Fallout: New Vegas
Na początek, kilka danych na szybko, gdyby jakimś cudem znalazł się ktoś, kto serii Fallout nie zna:
Producent: Obsidian Entertainment
Wydawca: ZeniMax/Bethesda
Dystrybutor: Cenega Poland
Data wydania PL: 22 października 2010
Gatunek: cRPG
Ponownie wracamy na pustkowia - tym razem jednak nieco inne niż poprzednio, bo umiejscowione na obszarze pustyni Mojave na zachodnim wybrzeżu Stanów Zjednoczonych. Koniec z kryptami i poszukiwaniem ojca - pojawia się jednak mnóstwo nowych problemów, niemniej uciążliwych. Zostajemy nieprzyjemnie wrobieni przez równie nieprzyjaznych ludzi, i pewnie skończylibyśmy 2 metry pod ziemią jako sterta gnijących kości, gdyby nie pewien wyjątkowo inteligentny i przyjaźnie nastawiony robot, imieniem Victor...

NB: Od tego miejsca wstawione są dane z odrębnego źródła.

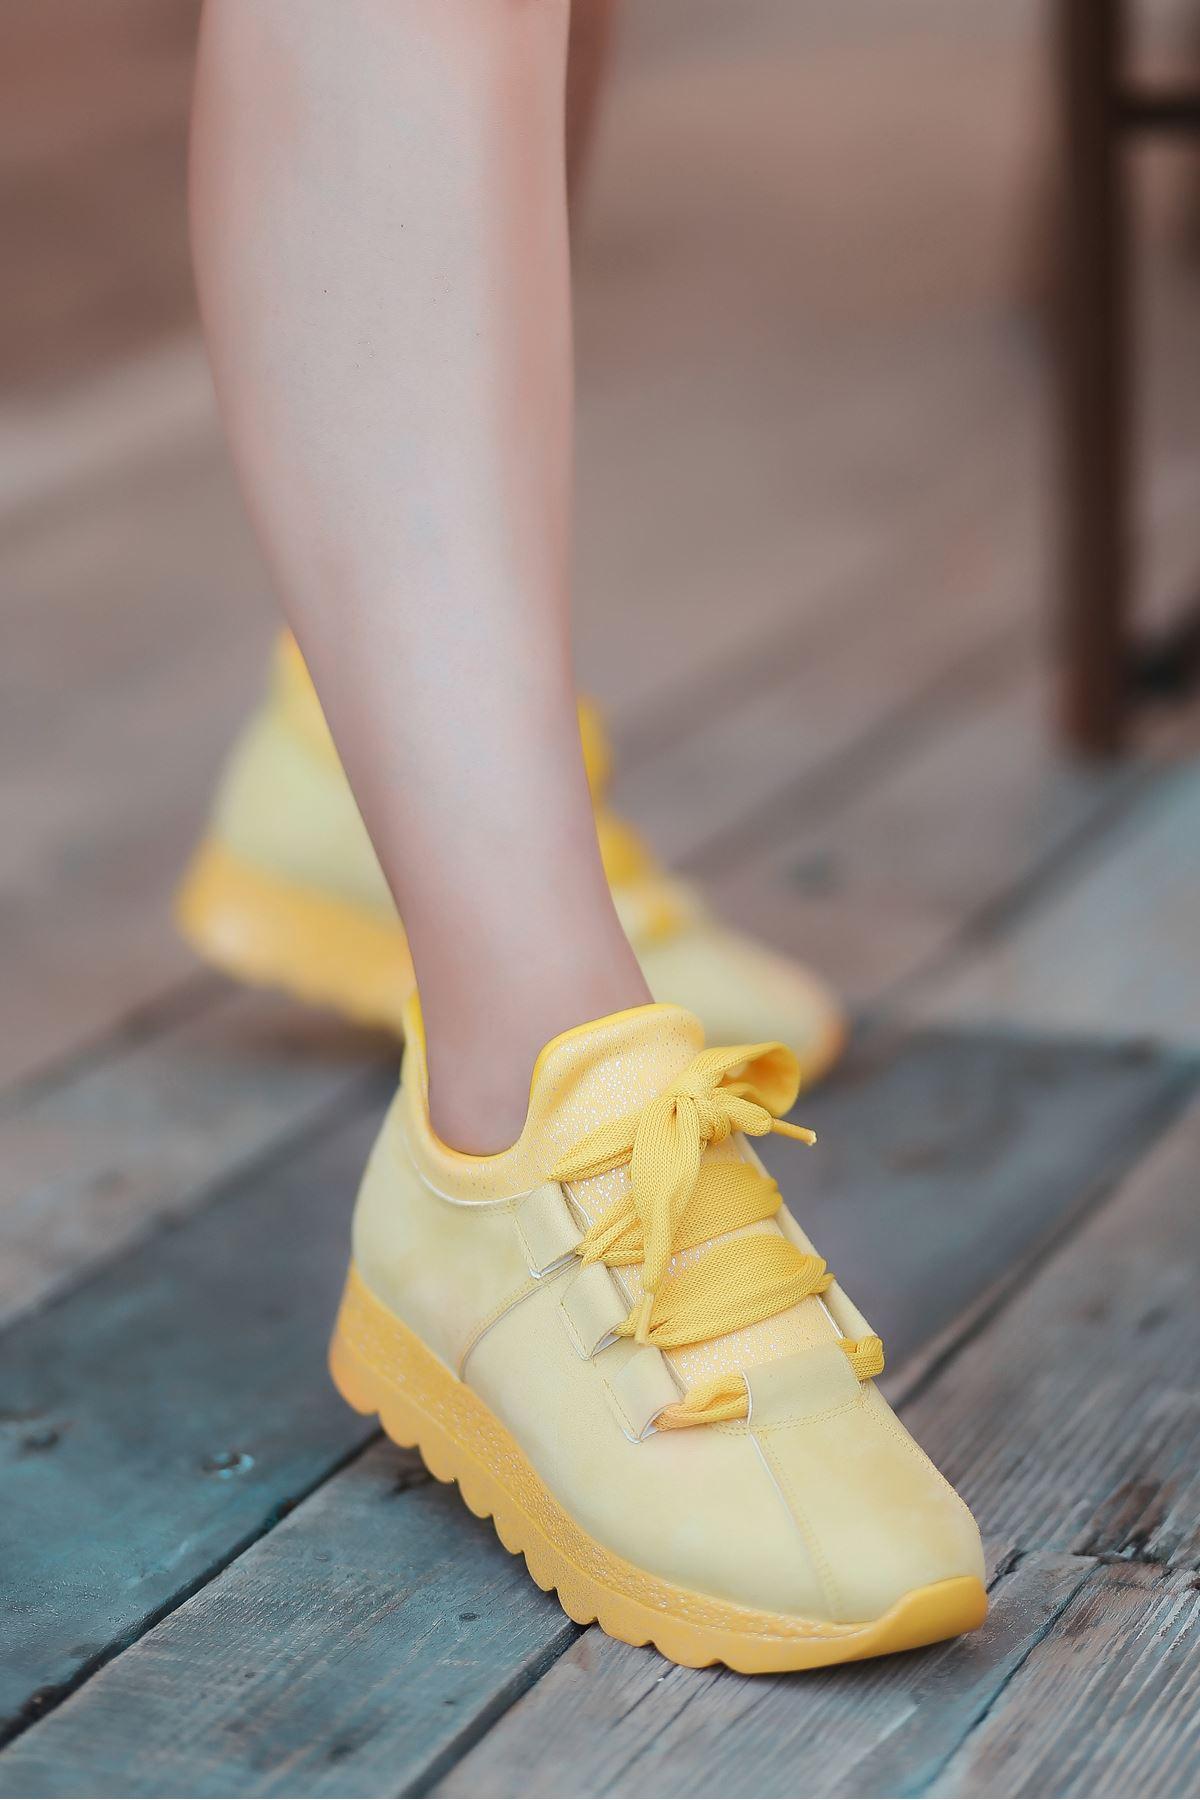 Arissa Sarı Bağcık Detay Kadın Spor Ayakkabı
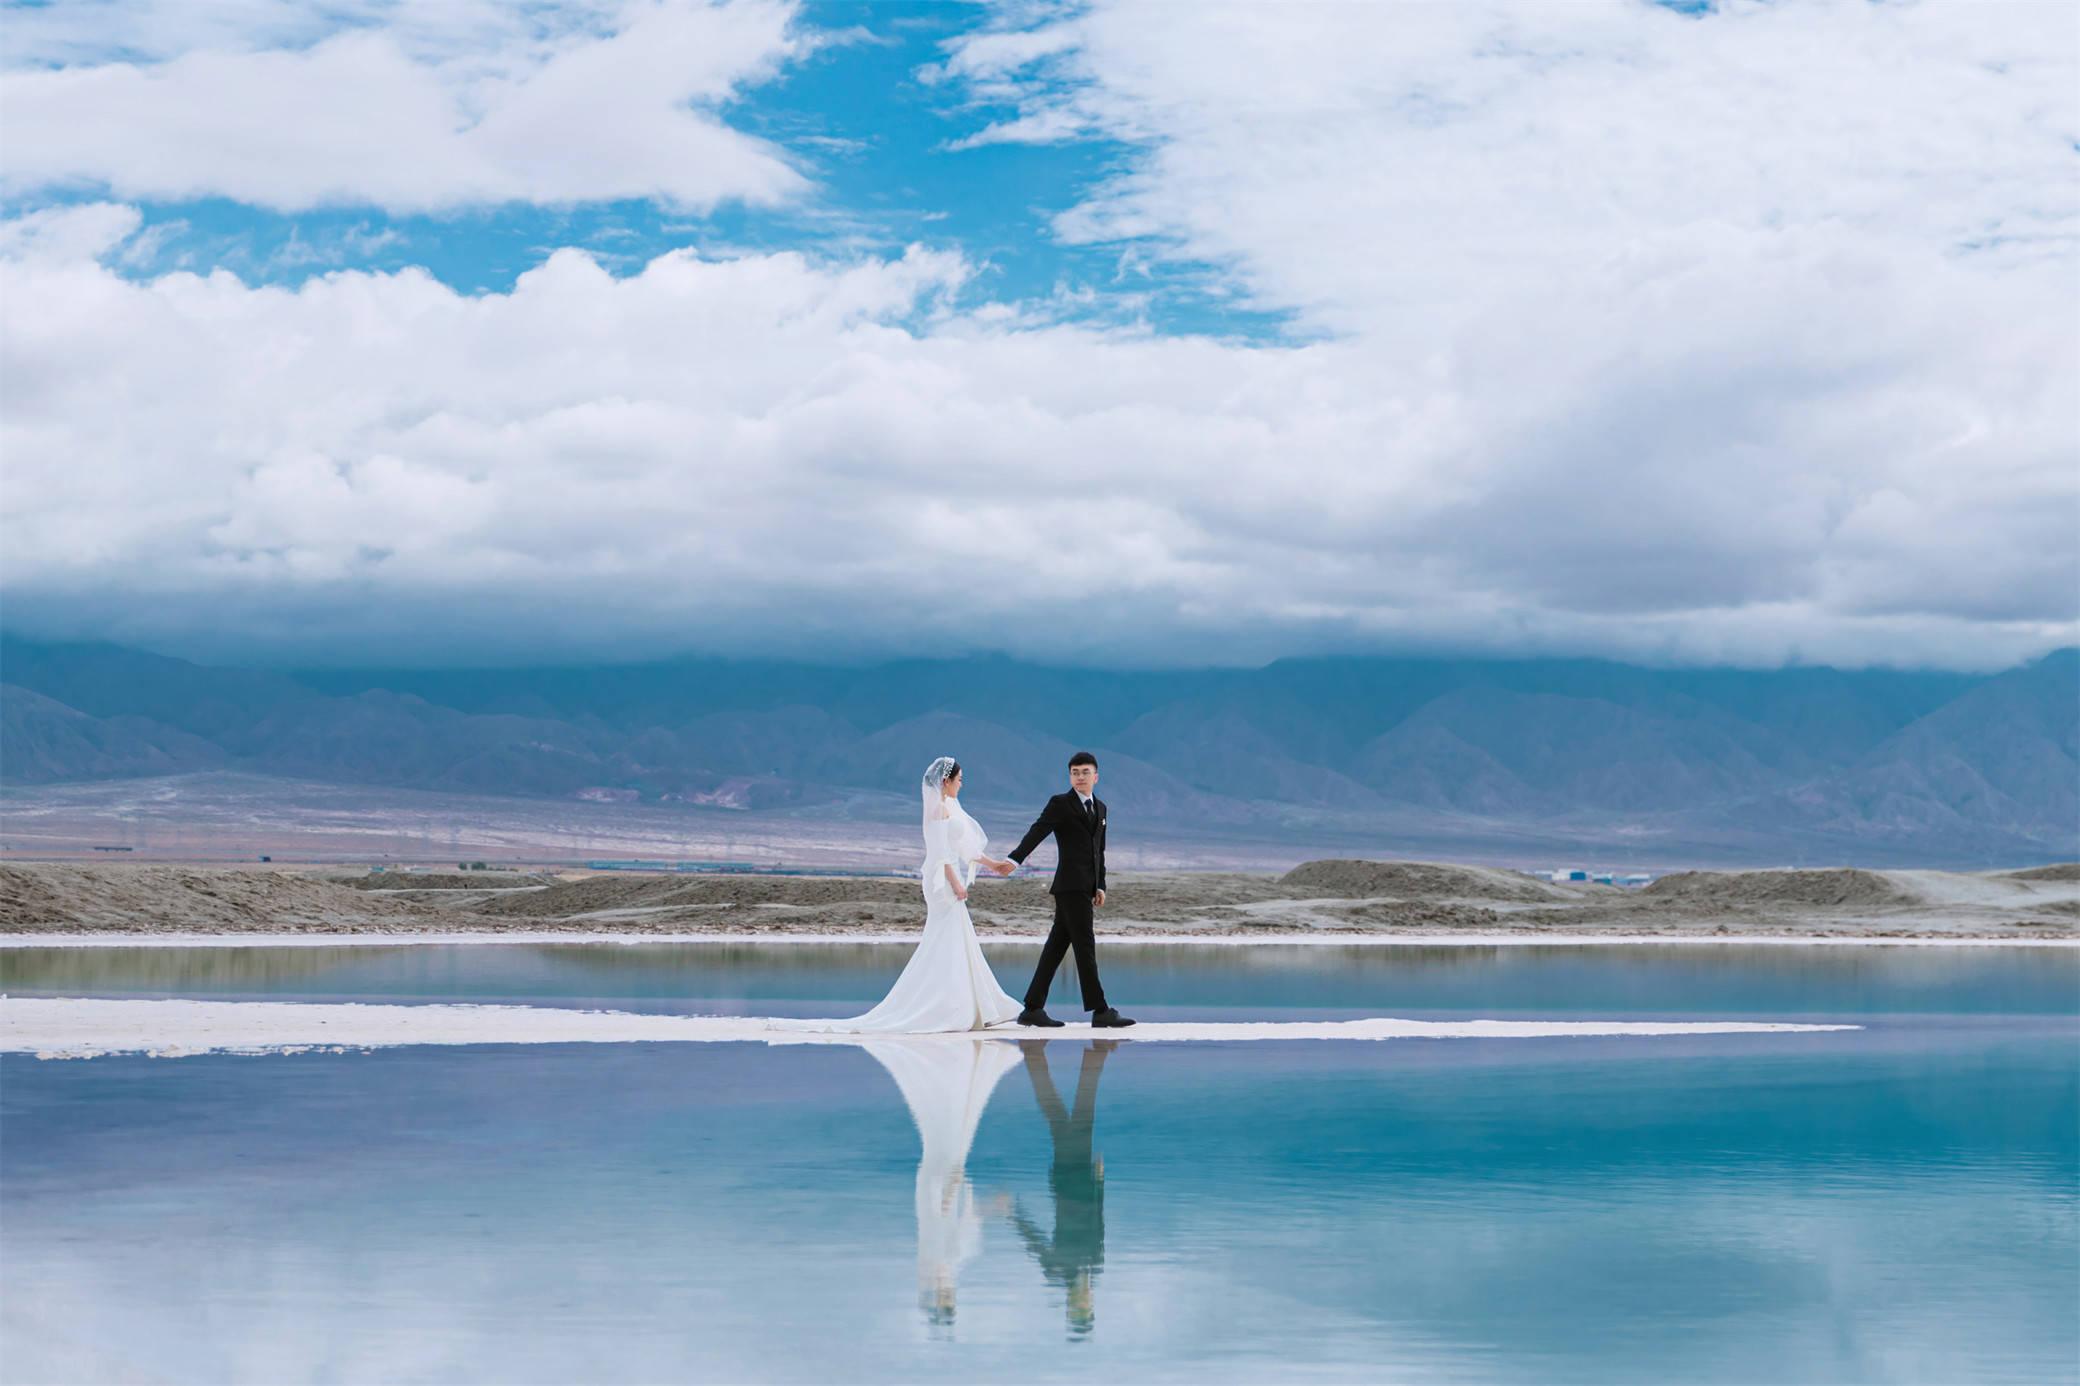 快进来抄作业!青海旅拍怎么样?青海旅拍婚纱摄影哪家口碑好呢?

Tak zaczyna się Fallout: New Vegas, stworzony na starym silniku, jednak przez nową (choć nie do końca) ekipę. Miałem już okazję spędzić kilka godzin z tą produkcją - i muszę powiedzieć, że grało się równie przyjemnie, jak w trójkę (tutaj od razu chciałbym odesłać ewentualnych fanatyków do najbliższej apteki po Rellanium).
- Jest klimat? Jest, zwłaszcza na cmentarzu Goodsprings.
- Jest poczucie zagrożenia? Gdy skorpion znikąd ukąsi cię w tyłek, gdy skradasz się aby niepostrzeżenie sprzątnąć blokującego drogę kojota, zaczynasz uważniej rozglądać się dookoła.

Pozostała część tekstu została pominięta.